By Joe Starkey
Kansas City Chiefs quarterback Alex Smith (11) is sacked on a fourth down by Pittsburgh Steelers outside linebacker James Harrison, right, and Will Allen (20) during the first half of an NFL football game in Pittsburgh, Sunday, Dec. 21, 2014. (Don Wright, AP / FR87040 AP)
We know the Steelers can lose to anyone, anywhere. That has been well-established. But unless the New York Jets or Tampa Bay Buccaneers suddenly materialize on the January calendar, there's nothing to worry about there.
The relevant question is this: Can the Steelers beat anyone, anywhere?
Does this team have a reasonable chance to win the Super Bowl?
Two months ago, in the wake of a humiliating loss at Cleveland, that question would have been preposterously funny. The Steelers looked dead. This was their wake by the lake. The Browns were dancing on their graves. Nobody's laughing now, unless they're watching Johnny Football highlights.
The Steelers are alive and well. And yes, absolutely, they have a reasonable chance to win the Super Bowl. That's not a prediction. I still believe the Steelers' undoing will be their pass defense.
Specifically the cornerback position. But I'd give them more than a puncher's chance of navigating the AFC. They have the right quarterback, an offense that can travel, excellent coaching (yeah, I said it) and a defense pointed in the right direction.
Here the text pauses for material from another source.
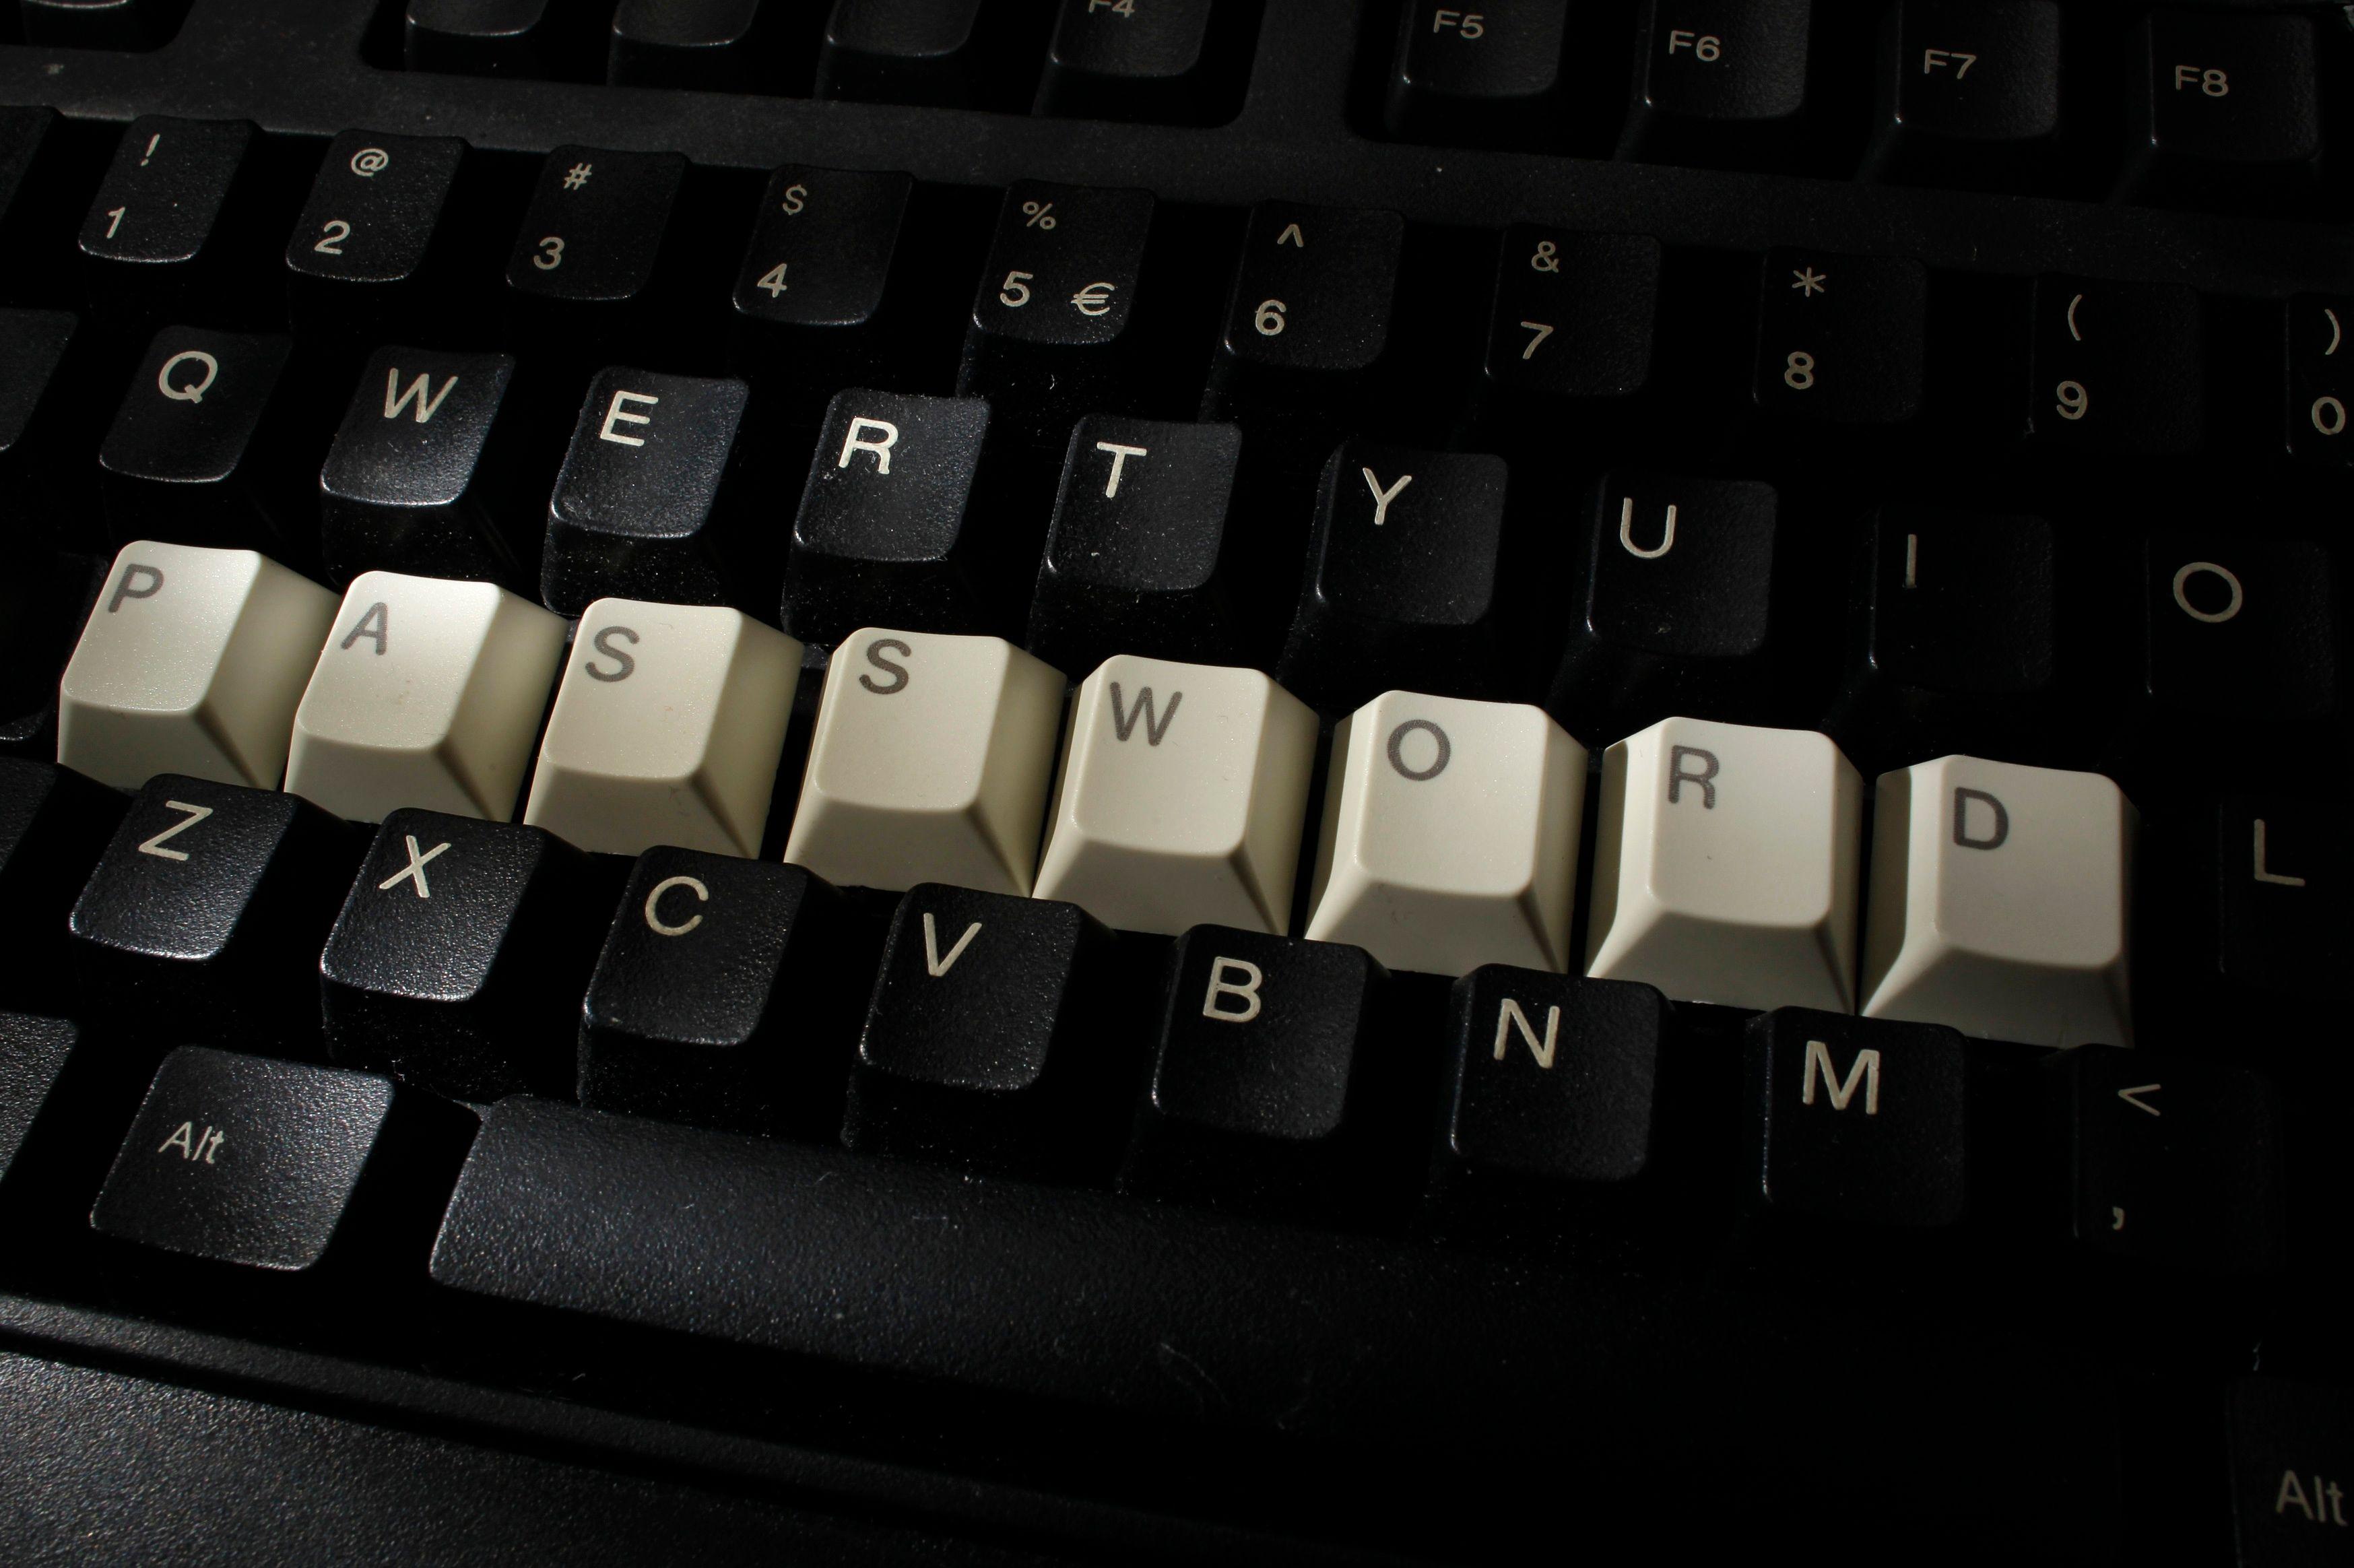 """Une étude publiée par l'institut Watchguard révèle les principales """"cyber-menaces"""" pour 2014."""

Let's start with the coaching. For all the criticisms of Mike Tomlin, the undeniable truth is that he is one of the top handful of coaches in the NFL. It's a bottom-line business, and Tomlin's bottom line reads like this: .638 winning percentage (fifth among active coaches and just ahead of Curly Lambeau and some guy named Bill Cowher on the all-time list), two AFC titles, one Super Bowl title, zero losing seasons.
Tomlin never loses his team. Even the infamous “unleash hell” club from 2009 rebounded to win its final three games and stay alive until the season's final moments. In Tomlin's worst years, the Steelers have a chance until the bitter end. In his best years, they go to Super Bowls.
I asked free safety Mike Mitchell about the key to cutting through rough waters this season.
“Believing in our leader, Coach Tomlin,” he said. “It's believing in him, man. He stays consistent. He keeps us singularly focused (that sounds familiar) on the next objective — and what the big objective is.”
Tomlin, as he does with all newcomers, made sure Mitchell was aware of the “big objective” the minute they met.
“He said, ‘We're bringing you here to win a world championship,' ” Mitchell said. “That set the expectation pretty high.”
The rest of the coaching staff is stocked with veteran winners. Todd Haley's offense earned criticism with a string of hideous early-season performances but has since morphed into the most prolific offense in team history. It is built for all situations.
Shootout in a dome? Capable. Kill the fourth quarter on land? Sure. It's the offense Tomlin has long craved. He once cited the Patriots as an example of the kind of offense he wanted, one that could morph into the personality required to win on a given day.
“I've said it since the beginning of the season: I feel like we're a really good offense,” guard Ramon Foster said. “We can compete with anybody.”
Defensively, the questioning of Dick LeBeau reached ridiculous proportions in recent years. As if the defense hadn't been depleted by age. As if it wasn't in a transitional phase. As if the likes of Josh Victorian and Curtis Brown weren't trying to cover people.
LeBeau, defensive line coach John Mitchell, linebackers coach Keith Butler and secondary coach Carnell Lake have done a remarkable job this season with a defense that could kindly be described as patchwork.
Asked specifically about Mitchell and LeBeau, defensive end Cam Heyward said, “They've seen it all. These guys have won Super Bowls. If you're not listening to that, you're in the wrong place.”
The defense is shutting down the run again. It has held four of the past five opponents and six of eight under 100 yards rushing. Steve McLendon's return at nose tackle makes a huge difference. And when James Harrison is healthy — as he was in home games against Indianapolis, Baltimore and Kansas City — they are capable of getting after quarterbacks.
It's a wide-open AFC. The Patriots are the clear favorite. But they're often the favorite. They're beatable.
“Once you're in the show, it's a free-for-all,” Foster said. “We're a team that can definitely compete with anybody in the AFC, and we plan on being in A-Z.”
That would be Glendale, Ariz., site of Super Bowl XLIX.
“We're not shocked about this,” Mitchell said, upon clinching a playoff spot. “This was a goal. Give yourself an opportunity to go play for a championship. We did that. We now have a better opportunity: to win the division.”
Better opportunities await thereafter. It's a free-for-all. Incredibly enough, the Steelers have a real shot.